## YOUR TASK
Every line from the line containing "Mapa proyectos de" through the final line of the data is to be printed exactly; no other line is to appear.

---+---

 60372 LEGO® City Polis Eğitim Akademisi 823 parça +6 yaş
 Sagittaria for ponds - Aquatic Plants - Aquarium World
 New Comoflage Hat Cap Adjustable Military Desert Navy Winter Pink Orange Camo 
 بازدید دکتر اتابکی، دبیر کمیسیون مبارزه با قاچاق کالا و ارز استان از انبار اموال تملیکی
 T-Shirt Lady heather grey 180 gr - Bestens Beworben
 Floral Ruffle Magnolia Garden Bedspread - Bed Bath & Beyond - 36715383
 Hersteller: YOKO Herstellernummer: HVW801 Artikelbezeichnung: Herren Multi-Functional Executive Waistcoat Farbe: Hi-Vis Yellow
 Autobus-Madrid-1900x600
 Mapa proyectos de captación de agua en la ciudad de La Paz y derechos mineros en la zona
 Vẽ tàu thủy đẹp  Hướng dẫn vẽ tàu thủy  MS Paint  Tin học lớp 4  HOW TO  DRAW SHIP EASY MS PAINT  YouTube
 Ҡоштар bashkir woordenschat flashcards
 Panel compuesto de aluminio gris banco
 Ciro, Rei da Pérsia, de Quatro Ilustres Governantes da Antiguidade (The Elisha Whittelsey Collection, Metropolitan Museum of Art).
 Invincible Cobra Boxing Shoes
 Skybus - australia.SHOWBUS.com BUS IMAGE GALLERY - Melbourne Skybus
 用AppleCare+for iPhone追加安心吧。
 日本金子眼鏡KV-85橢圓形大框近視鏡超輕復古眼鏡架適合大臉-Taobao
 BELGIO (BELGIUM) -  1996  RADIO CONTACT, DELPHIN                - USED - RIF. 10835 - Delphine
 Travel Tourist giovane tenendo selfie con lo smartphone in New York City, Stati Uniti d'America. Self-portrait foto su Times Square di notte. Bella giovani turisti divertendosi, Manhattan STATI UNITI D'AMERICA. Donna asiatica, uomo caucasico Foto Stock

---+---

## ANSWER TO THIS TASK
 Mapa proyectos de captación de agua en la ciudad de La Paz y derechos mineros en la zona
 Vẽ tàu thủy đẹp  Hướng dẫn vẽ tàu thủy  MS Paint  Tin học lớp 4  HOW TO  DRAW SHIP EASY MS PAINT  YouTube
 Ҡоштар bashkir woordenschat flashcards
 Panel compuesto de aluminio gris banco
 Ciro, Rei da Pérsia, de Quatro Ilustres Governantes da Antiguidade (The Elisha Whittelsey Collection, Metropolitan Museum of Art).
 Invincible Cobra Boxing Shoes
 Skybus - australia.SHOWBUS.com BUS IMAGE GALLERY - Melbourne Skybus
 用AppleCare+for iPhone追加安心吧。
 日本金子眼鏡KV-85橢圓形大框近視鏡超輕復古眼鏡架適合大臉-Taobao
 BELGIO (BELGIUM) -  1996  RADIO CONTACT, DELPHIN                - USED - RIF. 10835 - Delphine
 Travel Tourist giovane tenendo selfie con lo smartphone in New York City, Stati Uniti d'America. Self-portrait foto su Times Square di notte. Bella giovani turisti divertendosi, Manhattan STATI UNITI D'AMERICA. Donna asiatica, uomo caucasico Foto Stock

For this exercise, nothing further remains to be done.